Regarding economic consequences, the sum of property damages and crop damages costs are taken into account here. As for the previous question, we focus here on the 20 most costly natural hazards in the US for the 1950-2011 period.
## Let'sum the number of victims per event type
CostsPerEventType <- aggregate(TotalCost ~ eventType, data = StormDatTidy, sum)
CostsPerEventType <- CostsPerEventType[order(-CostsPerEventType$TotalCost),]
nrow(CostsPerEventType)
## [1] 985
## as there are 986 event types, let's focus on the 20 harmfullest ones
Top20Costs <- head(CostsPerEventType,20)
## Let's make a barplot
g <- ggplot(data=Top20Costs,aes(eventType,TotalCost))

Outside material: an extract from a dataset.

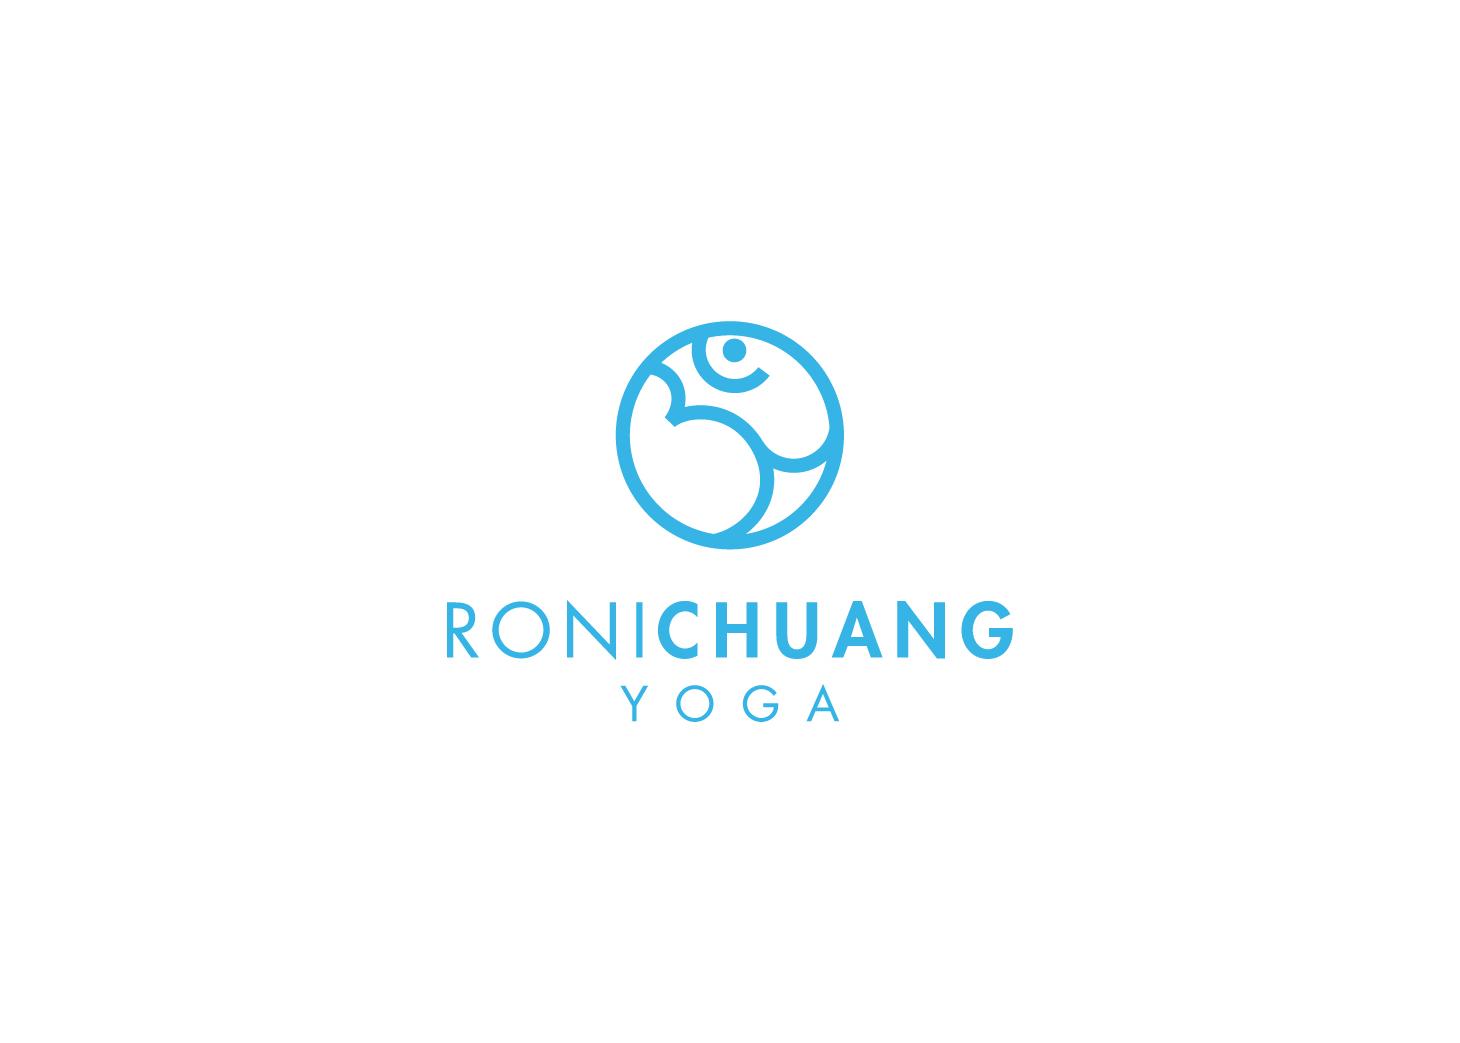 diseño-logotipo-yoga

g <- g+geom_bar(stat="identity")+
scale_x_discrete(limits=Top20Costs$eventType)
g <- g+labs(y="Cumulated Damage Costs (Property + Crop)",title="20 most Economic Harmful Natural Events in the US (1950-2011)") + theme(axis.text.x = element_text(angle=90))
g
To answer the question, Hurricanes economic consequences are in the first position, followed by flood and drought. Tornadoes are number 4 (number 1 in terms of cumulated recorded victims).
Most probably are these datasets not complete. All variables were probably not recorded in the same way from 1950 to 2011. This is a common problem with historical data and it is not always possible to complete the datasets in absence of concrete records. With nearly 1000 different event types, we might consider a simplification of the natural hazards classification (10-20 classes, not more).